Being pre-approved for a car loan can save you a lot of time, money and energy. Pre-approval means that there is no need to negotiate with dealer financing or make a large down payment. It does take a little research and planning to find the best loan rate, but this little bit of extra research is well worth the effort: it lets you act as though you are paying cash at the dealership, which can help you get discounts and better deals while saving money on your loan’s interest rates.
How Does Pre-Approval Work?
There are two primary kinds of pre-approved financing. In one case, you get approved for a loan through a third-party lender. That is, a lender who is not directly associated with the dealer from whom you plan to purchase your vehicle. This lender may be a bank, a credit union, or a finance company. They will pre-approve you for a specific amount, and they will either give you a check for this amount or transfer the funds to you in some other way. They may provide you with a “blank check” – a check which you can write in the amount that your vehicle costs. Of course, the amount cannot exceed the agreed sum.
The second type of loan pre-approval involves working with a dealer finance specialist. You will apply online and receive a pre-approval notice from a dealership in your area. This way, when you go to the dealer to choose your vehicle, you will go with the knowledge that your credit will be approved and you will already know exactly how much you can spend. This saves you a good deal of time at the dealership, and it also increases your negotiating leverage – though not so powerfully as the first scenario.
Fortunately, we support both types of financing pre-approvals. Simply apply online, and we’ll work to place your application with the right lender or dealer for your unique needs. Don’t wait until you hit the dealer lot – secure your financing ahead of time!
Credit History vs Pre-Approval
People that are seeking pre-approval for a car loan should be aware of their credit history. A history of good credit and financial responsibility can help you get low interest rates and a higher line of credit, while a negative item or low score can slow the process or cause your loan application to be rejected. Even a shopper with less than stellar credit can get pre-approved by demonstrating that they are improving their credit and are a good risk, though.

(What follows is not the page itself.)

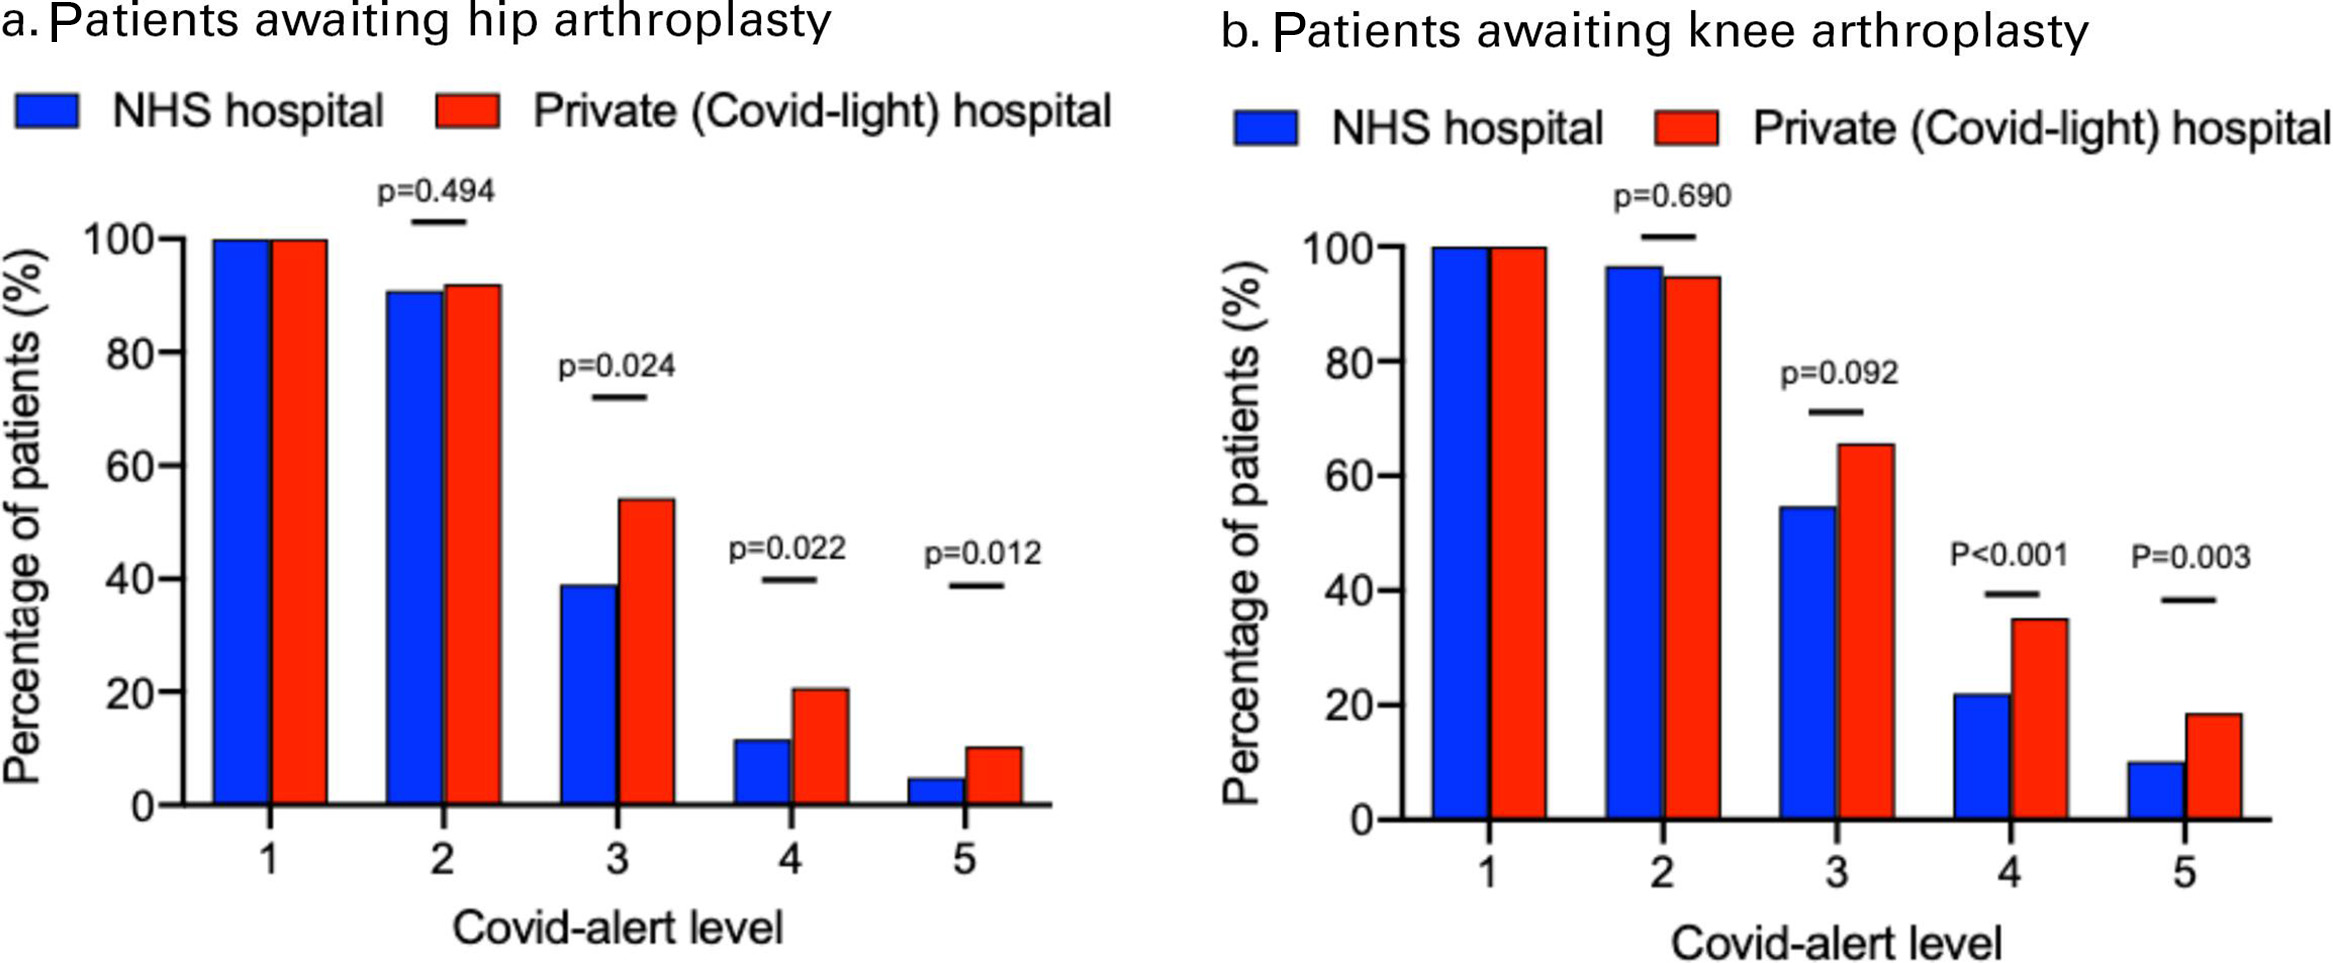 Fig. 2 
            Percentage of patients on the hip and knee arthroplasty waiting list who would be willing to receive a) hip arthroplasty and b) knee arthroplasty at each of the five COVID-19 alert levels (Table I) in either an NHS hospital (blue bars) or a private sector (COVID-light) hospital (red bars). Exact p-values displayed, binomial paired comparison.

One of the best ways is to apply for auto loans online.
A pre-approved car loan does not mean that you should walk into a dealership and choose the flashiest car on the lot. You need to decide how much you can reasonably pay for the car every month, and you also need to figure out how long it will take you to pay the loan off. Banks and credit unions can help you calculate how much you can afford to pay based on monthly income and expenses. You will need to prove that they can pay the loan back in a set amount of time to qualify for the loan.
Even with pre-approval for a car loan, it is a good idea for you to make a down payment. This will shrink your monthly payments and help you pay back the loan quickly to avoid paying significant amounts of interest. You should be able to pay back the loan in two to three years to avoid owing more in interest than in principal on a car that is depreciating in value. Should you fall behind on your loan payments, the bank can claim the car as collateral to off-set their losses on the loan.